Jerrie Demasi June 19, 2012
Kylie Mole on Channel Ten's The Comedy Company, played by Mary-Anne Fahey, popularised use of the word 'bogan' in the 1980s.
Crank up the Cold Chisel in your Commodore and crack open a cold-one - the word 'bogan' has officially been recognised.
Mullet wearers unite – the word "bogan" has officially been recognised by the Oxford English Dictionary.
The self-proclaimed definitive record of English language included the word this month as an Australian and New Zealand colloquial "depreciative term for unfashionable, uncouth, or unsophisticated person, especially of low social status".
But New Zealand native Dave Snell, known as Dr Bogan after acquiring a PHD in boganism, disagreed with Oxford Dictionary's definition.

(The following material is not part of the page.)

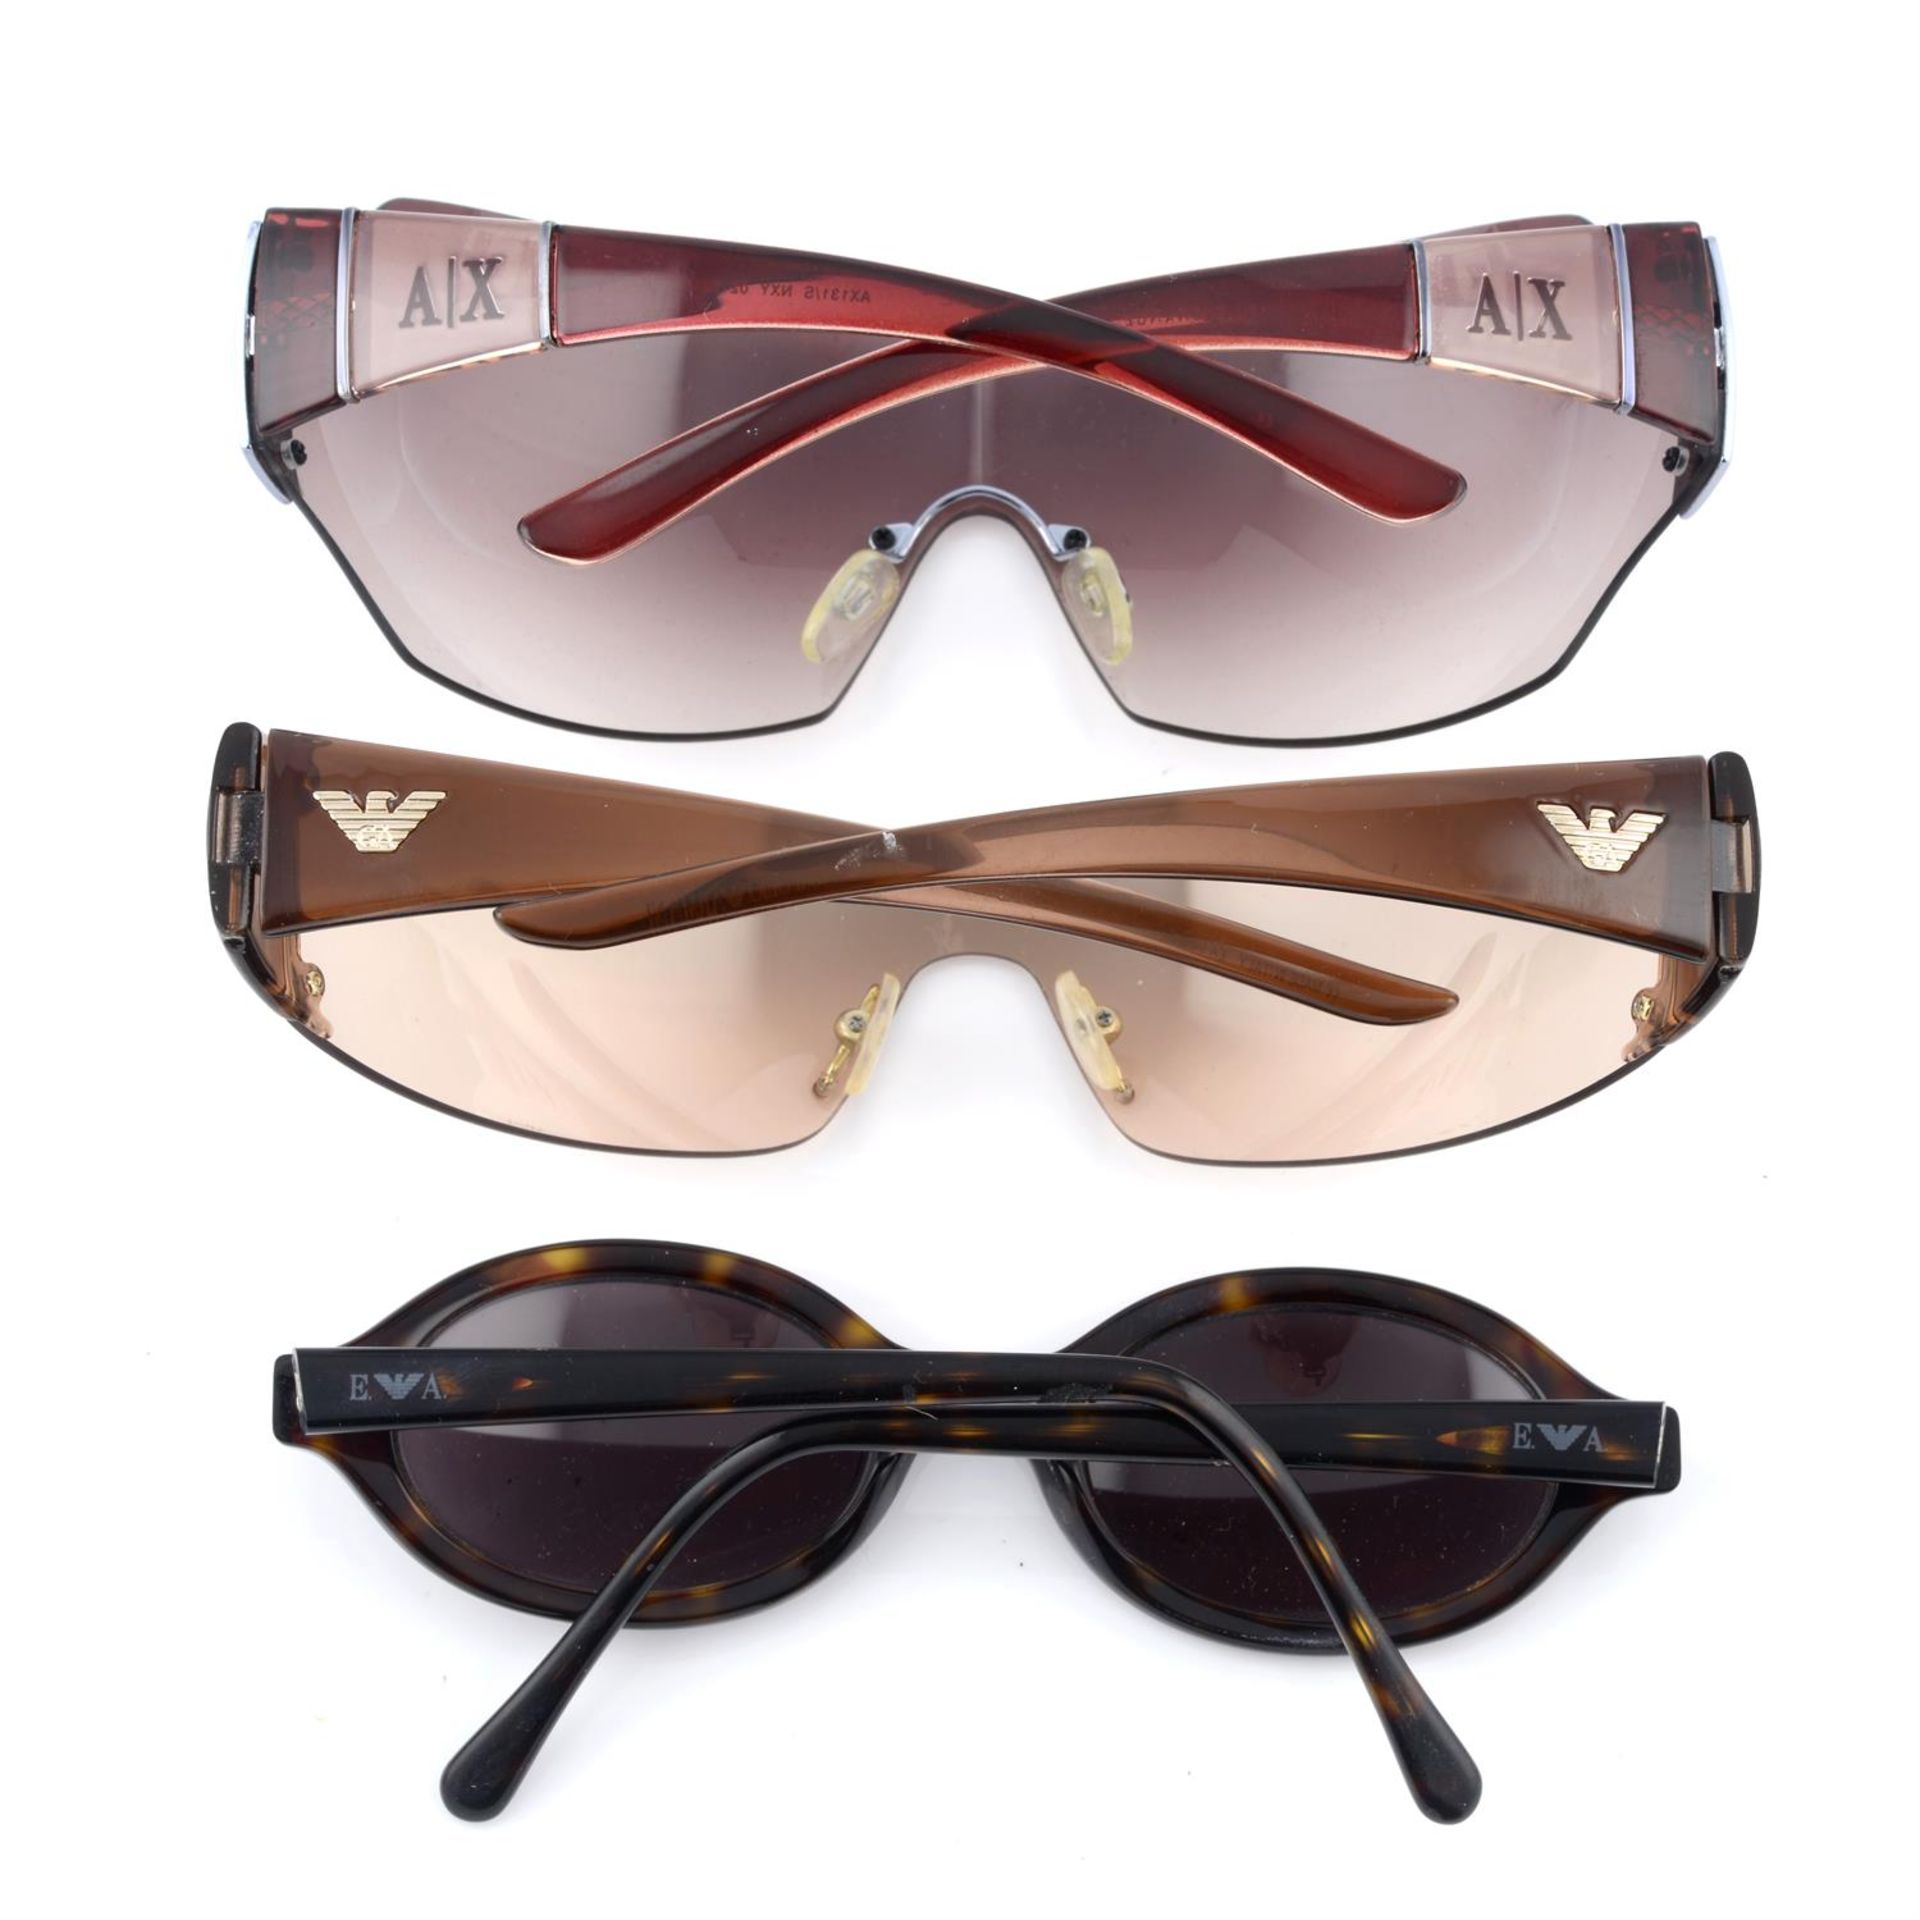 ARMANI - three pairs of sunglasses. - Image 2 of 3

"I wasn't terribly fond of that definition ... I find it a little problematic," he said.
"I wouldn't say [being a bogan] means you're of lower status; I prefer to talk about working class people."
He said that, while you were unlikely to find a bogan wandering through a museum or admiring fine art, it was unfair to refer to the word as a "depreciative term".

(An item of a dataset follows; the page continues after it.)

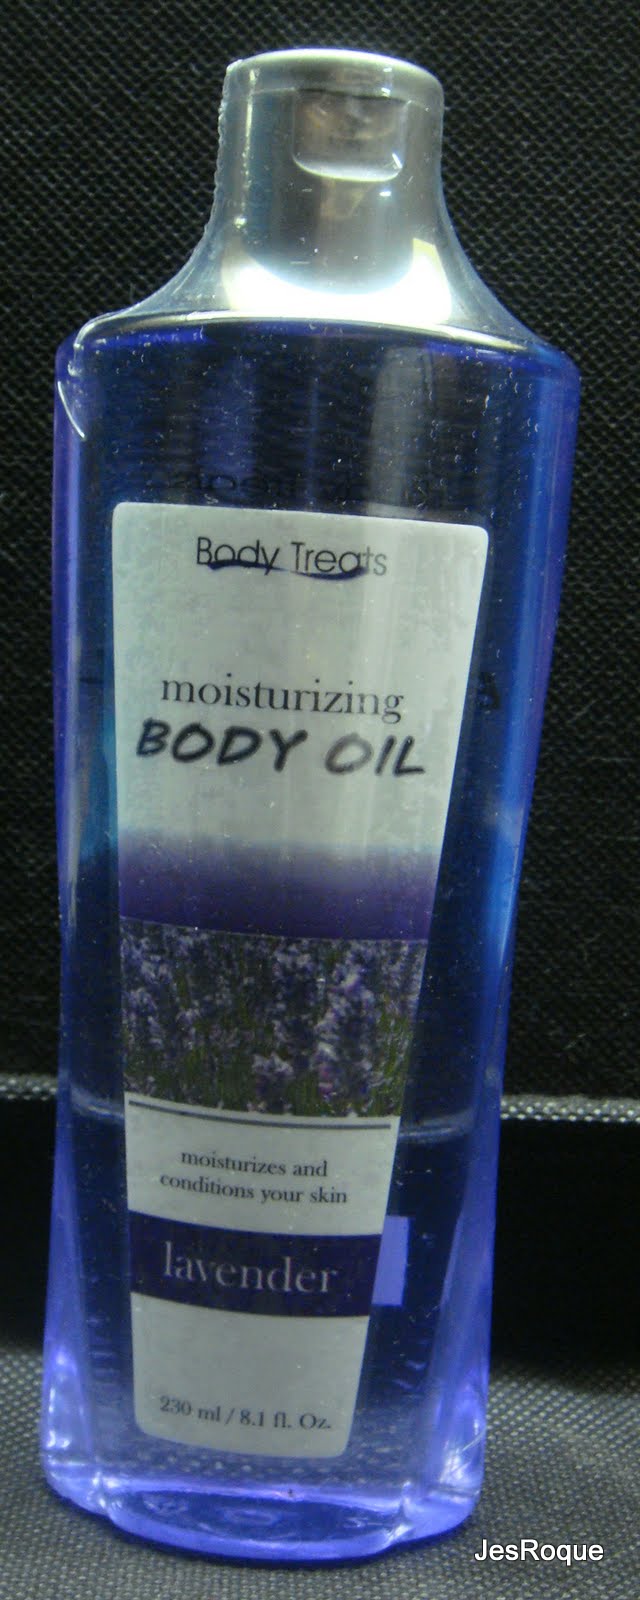 Review: Body Treats Moisturizing Body Oil in Lavender

"I don't really like the idea of calling being a bogan uncultured or unsophisticated," he said.
"It's just a different culture.
"I like to say it's like taking aspects of Australian culture and concentrating it."
So what is a bogan?
A study by University of Auckland linguistic students last year looked at defining the term "bogan" through a range of public surveys.
The results showed that people under the age of 30 were more likely to consider being a bogan as a good thing, in comparison to the over 30 age bracket who saw the term with negative connotations.

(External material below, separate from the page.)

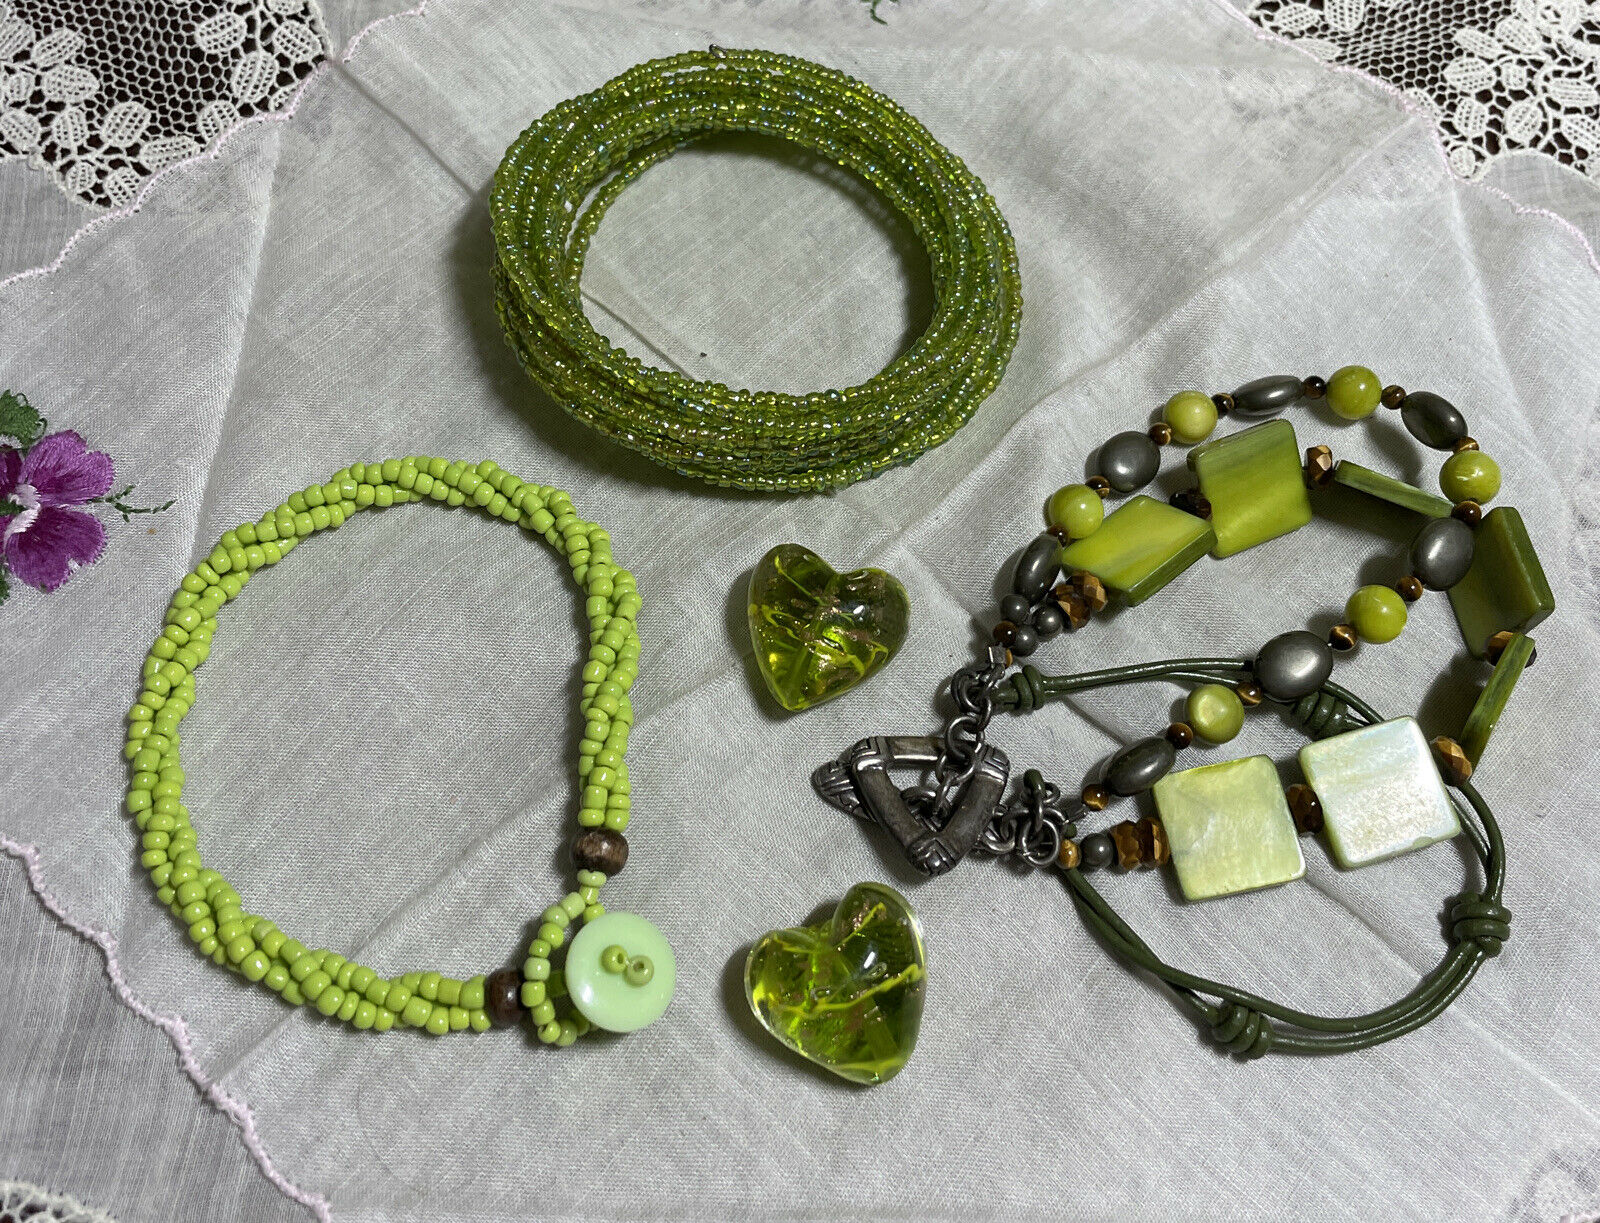 Crafting Create Green Seed Shell Bead Bracelets Mop Heart Beads Crf4-11

Dr Snell, who describes himself as the quintessential bogan, confessed that he often sported an ACDC T-shirt under his collared work shirt.
He gave a more specific physical description of what a bogan was, offering a checklist of sorts.
He said bogans were known for wearing black jeans, steel cap boots, heavy metal T-shirts and apparently quite a lot of "flanno" (flannel).
"I've got a goatie but I can't remember how long ago I cut off my mullet," he said.
"It got too greasy and started to grow things in it."
Curtin University Professor of Cultural Studies Jon Stratton said he was not surprised to see bogans appear in the dictionary.
"My only surprise is that the word has taken so long to get in there," he said.
Other words to be added to the OED in June include "BitTorrent", "cybercast", "dance-off" and "paywall".